= Manfred Leuchter =

Manfred Johannes Leuchter (born 15 June 1960 in Würselen, Germany) is a German accordionist, composer, pianist and producer of various musical genres. His stylistic influences include rock and pop, jazz and ballads, as well as African and Middle Eastern music.

== Career ==
In the early 2000s, Leuchter was invited by the German Goethe-Institut for concerts with his jazz band in India, Romania, Morocco, Syria, Jordan, Egypt, Palestine and Lebanon. Following encounters with local musicians, he performed and recorded with the Hewar jazz fusion band from Syria and with oud player Driss el Maloumi in Morocco. He has collaborated on albums with Syrian-Armenian singer Lena Chamamyan, Iranian-born singer Sanaz, Scottish guitarist Ian Melrose and Australian singer-songwriter Julia Messenger.

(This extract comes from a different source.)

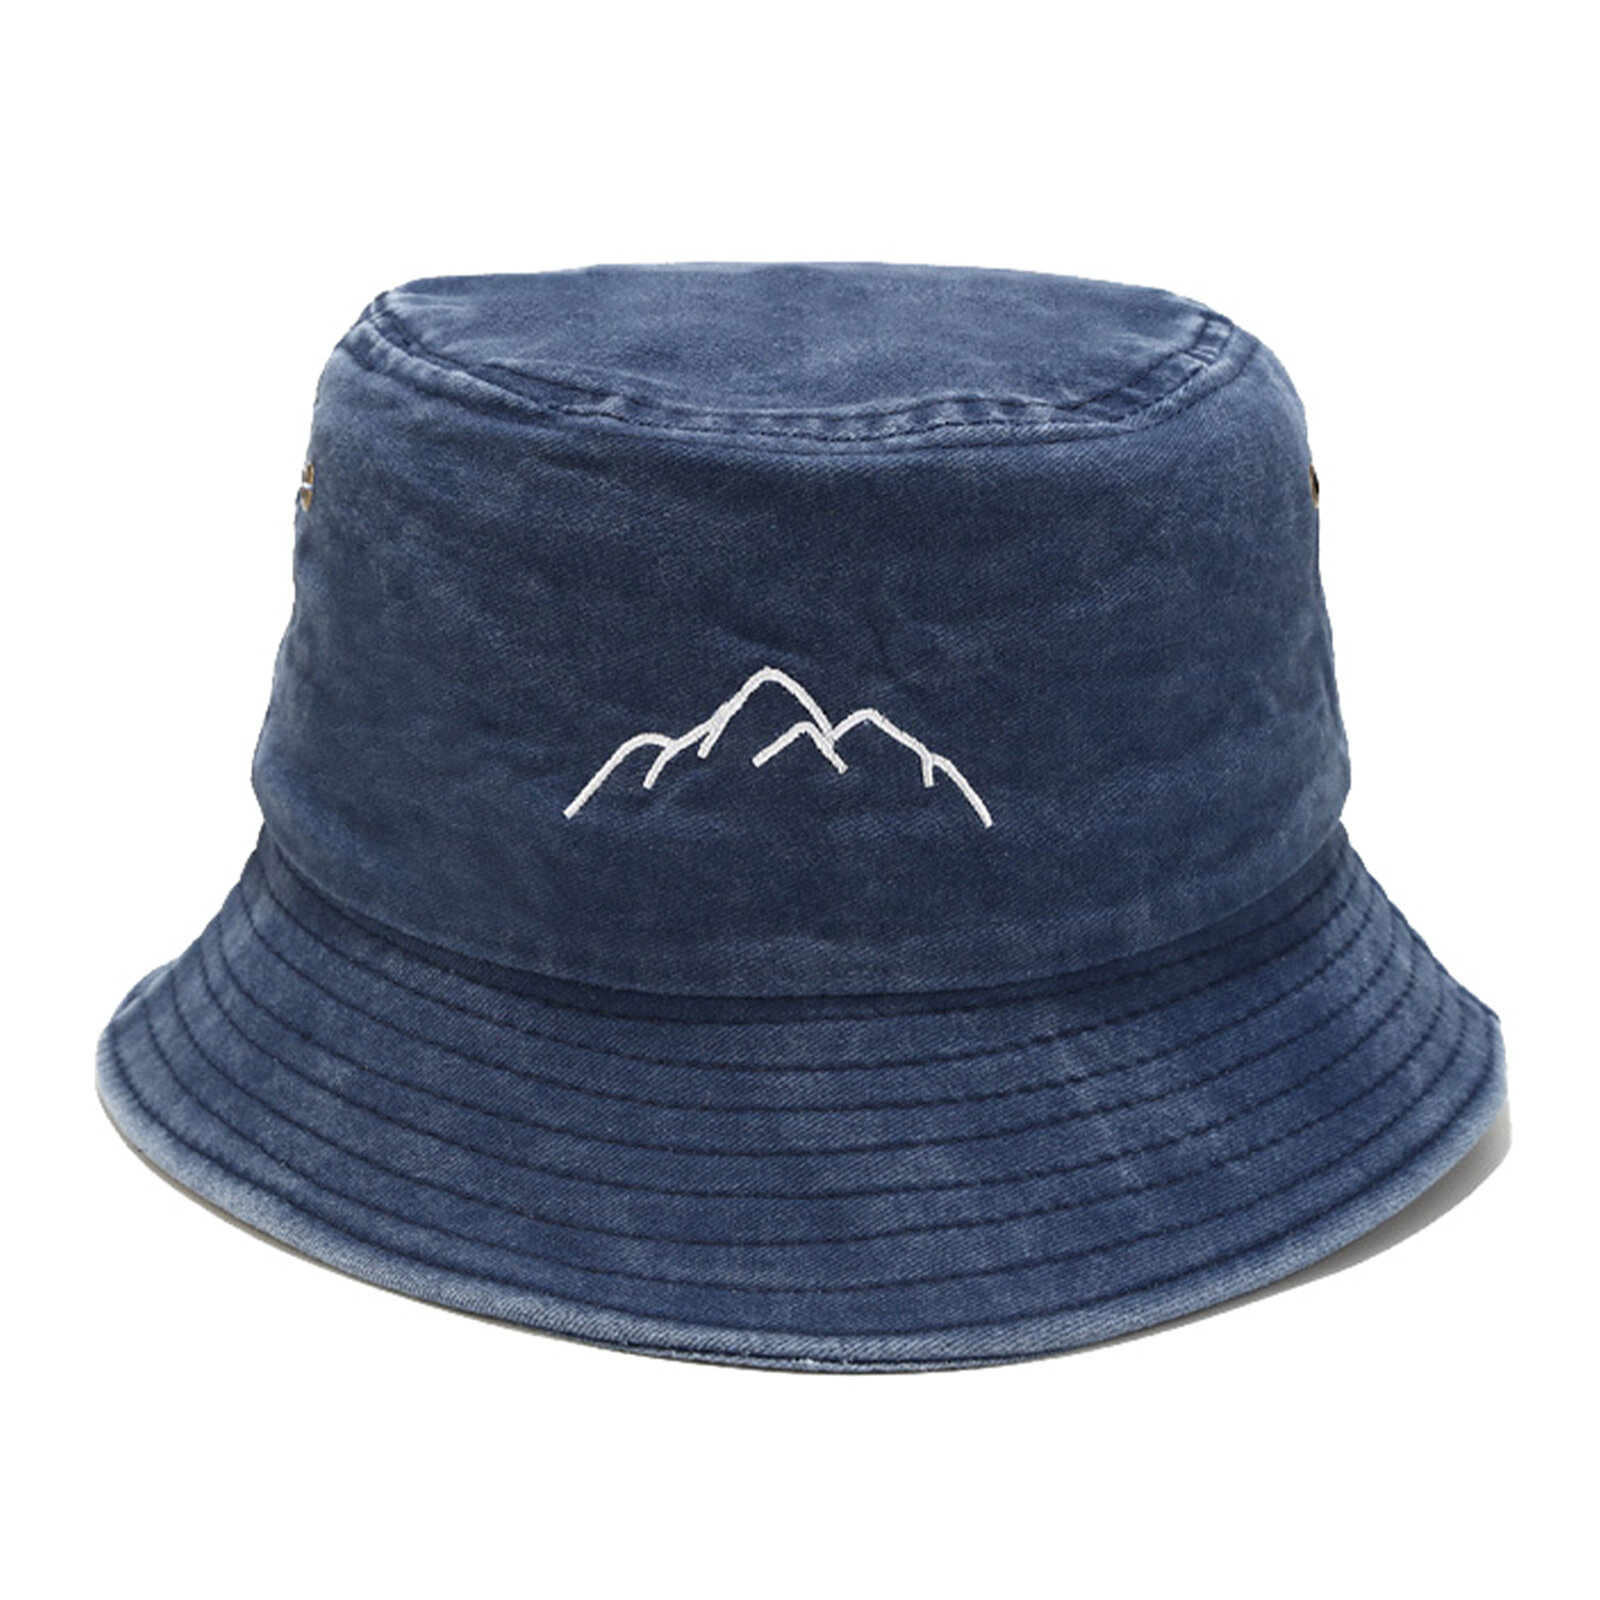 

Jassy Men's Cotton Vintage Washed Embroidered Bucket Hat Outdoor Sports Mountaineering Fishing Hat

In addition, Leuchter has worked as a producer for various artists, such as German singer-songwriter Reinhard Mey, for whom he has produced various albums and played in live concerts. Further, he has been active as sound engineer as well as composer of music for theatre productions.

Leuchter has mainly lived in Aachen, Germany, and stayed for extended periods in Marrakesh, Morocco.

==Lineup==
- Duo: Manfred Leuchter (accordion); Ian Melrose (fingerstyle guitar, whistles)
- Trio: Manfred Leuchter (accordion); Afra Mussawisade (percussion); Florian Zenker (guitar)
- Quartet: Manfred Leuchter (accordion); Steffen Thormählen (drums, percussion); Antoine Pütz (electric bass, guembri); Sebastian Pottmeier or Heribert Leuchter (bass, alto, soprano saxophone)

==Discography==
- Theaterkompositionen (1999)
- Sparito (2000)
- Arabesque (2001)
- Nomade, with Heribert Leuchter (2003)
- Pas de Trois, Trio with Afra Mussawisade and Karim Othman-Hassan (2004)
- Space (2004)
- Zina (2006)
- Nine days of Solitude, The Damascus Session with Hewar and Lena Chamamyan (2007)
- Vis à Vis, Duo with Ian Melrose (2008)
- Kein schöner Land, with Ian Melrose (2011)
- Carpe Momentum, with Ian Melrose (2012)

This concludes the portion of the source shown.